Muchos no llegaron. Unos cuantos se tiraron por el puente montados a caballo. Como mi compañero de pupitre. En la siguiente oleada, sin sospecharlo, camino de Venus en un barco, se les llenaron las venas de virus. En fin, que los que no se habían tirado cayeron.

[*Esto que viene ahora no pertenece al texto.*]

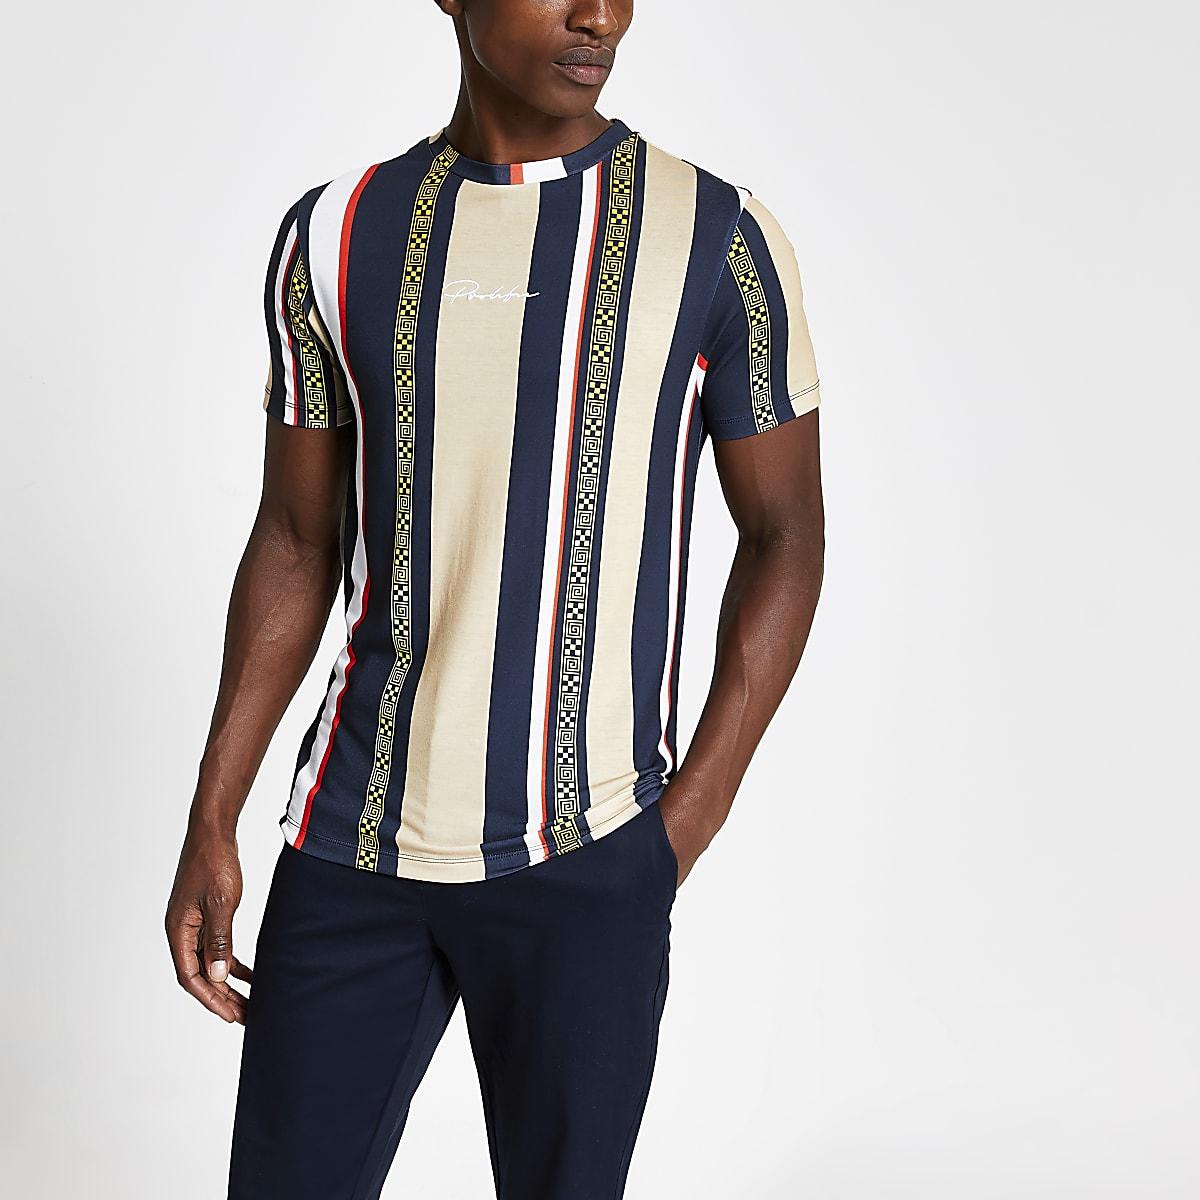 Prolific - Bruine gestreept aansluitend T-shirt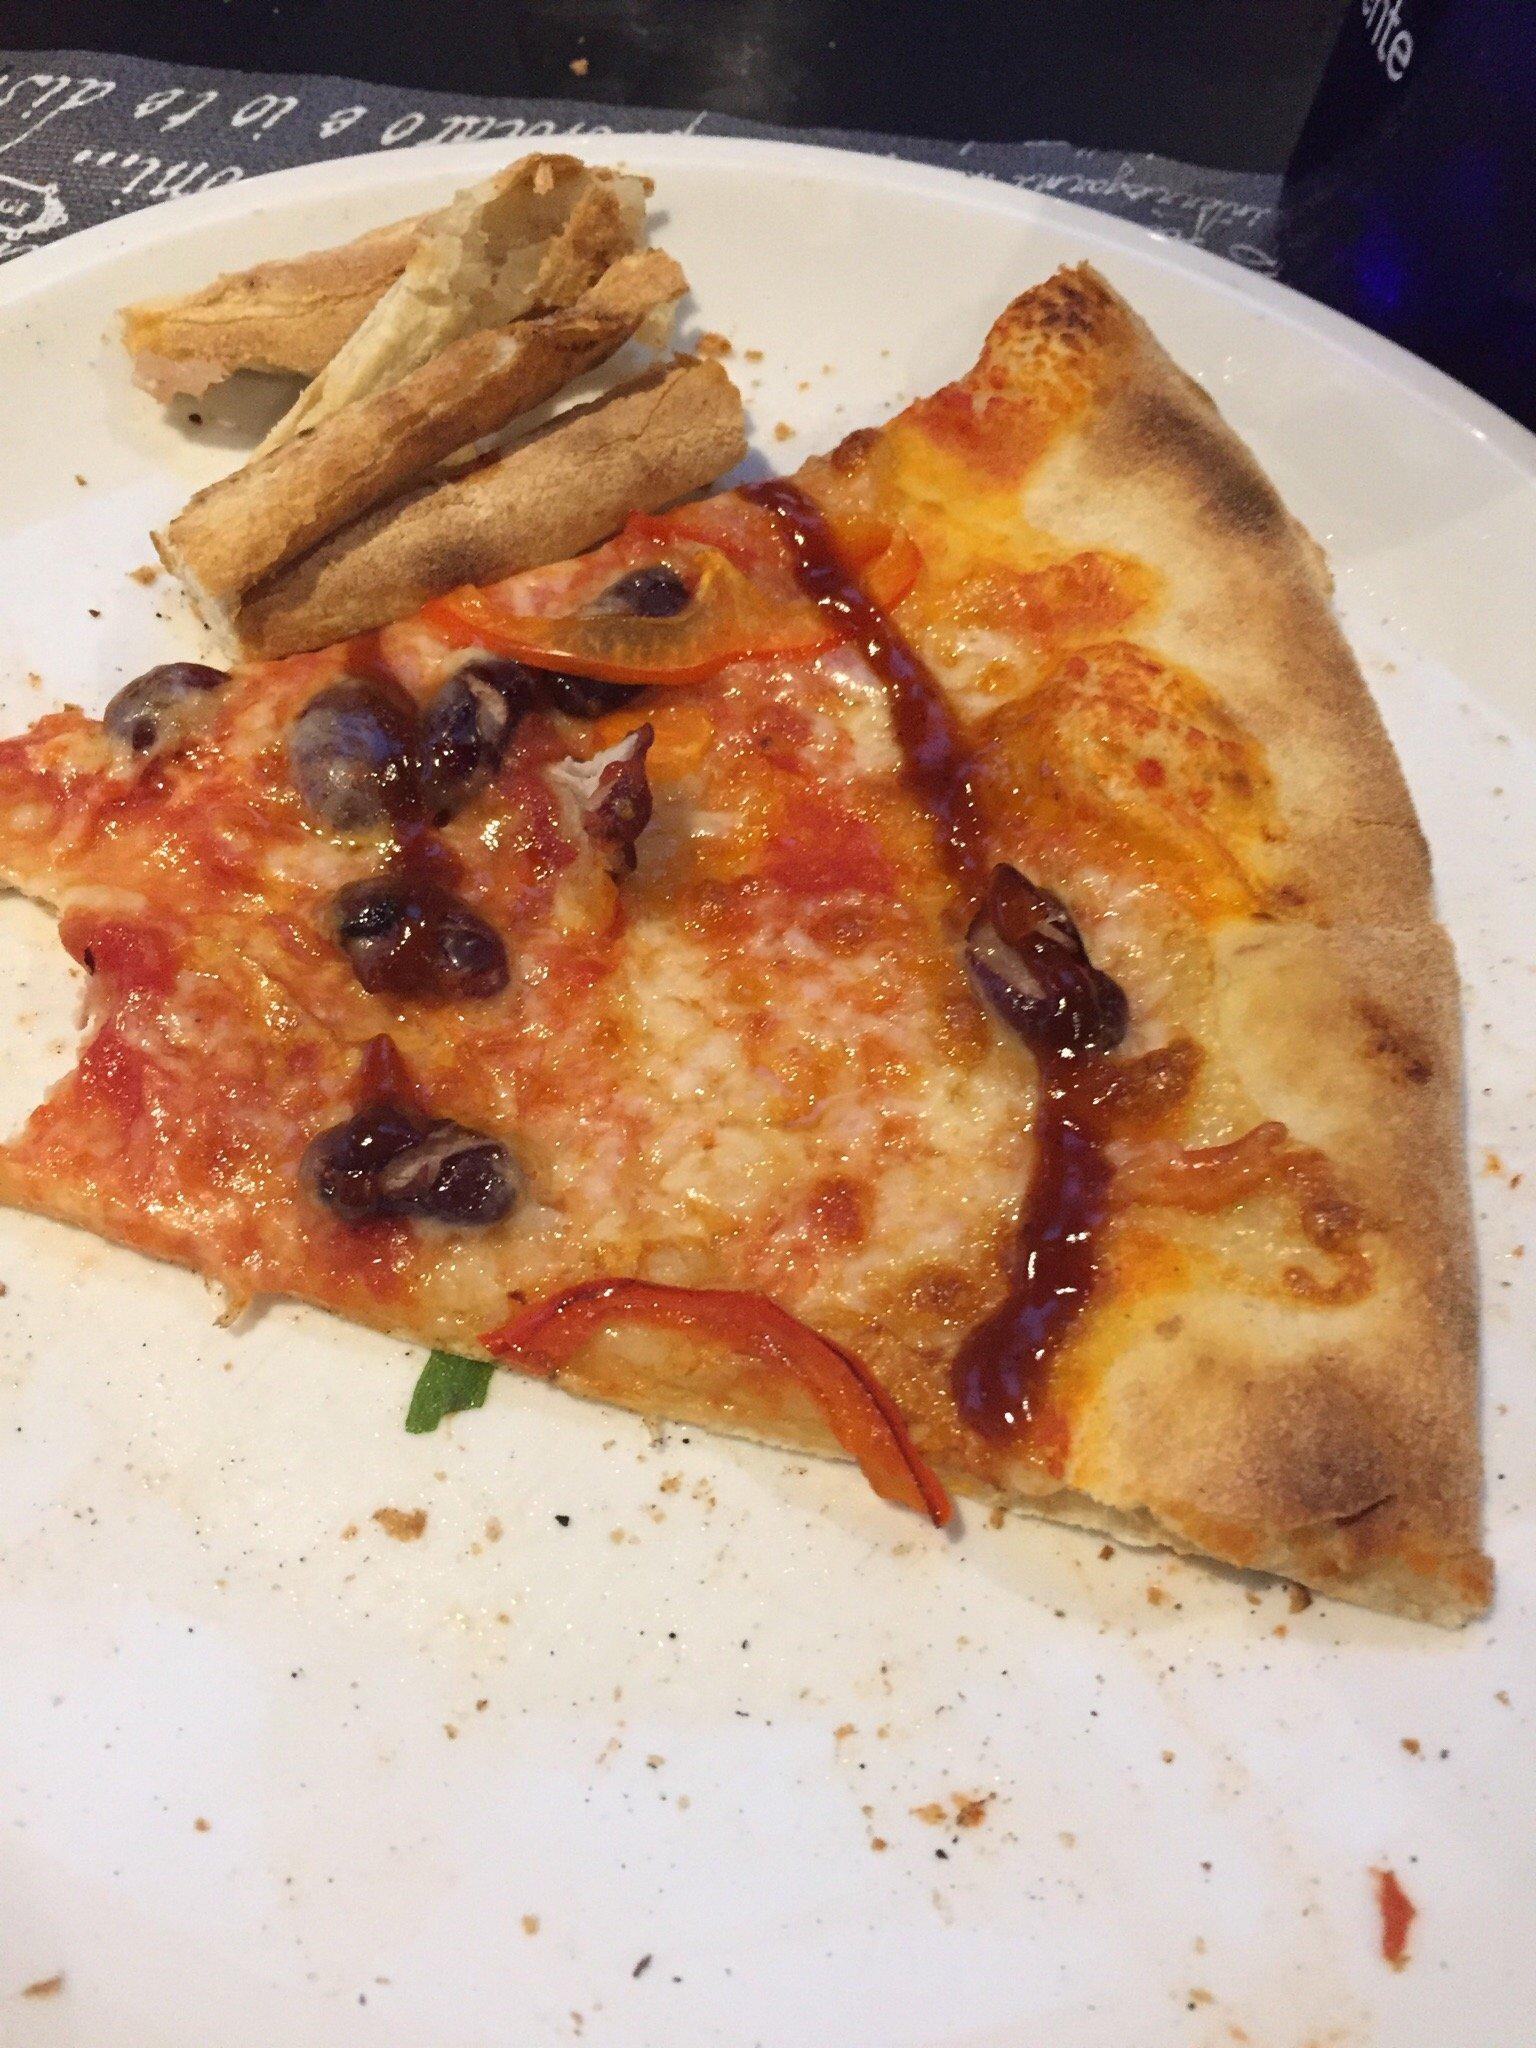 Mille Gusti Nova Milanese Prezzi infinity pizza a milano - menù, prezzi, recensioni del

Habiendo tantos deportes disponibles, uno escapa de las cuadrigas y se hace nadador. Un deporte introvertido, aburrido, incómodo, húmedo, para divergentes. Ya adelanto que el fútbol imposible. No me veía yo con otros 21 jovencitos en pantalón corto corriendo detrás de una pelota. Cuando tocaba el reparto de jugadores en el cole, me tocaba de portero. Tiraban a dar. Y yo no he venido a la vida a sufrir, así que me retiraba. Era muy básico, ni lo probé. Intenté el hockey. Sobre patines, de ruedas. Con sus bolitas y sus rodamientos. Porque tenía las ASLO altas. Me pedían unos análisis y tenía 333. Eso marca por la cifra, que es la mitad de la bestia. El innombrable. Lucifer. El anticristo. Digo yo. Aunque no abandoné la fe hasta más tarde. Al hacer la comunión, o un poquito antes. Creer no es un verbo que se lleve bien conmigo. Por no creer, no creía ni en mi mismo.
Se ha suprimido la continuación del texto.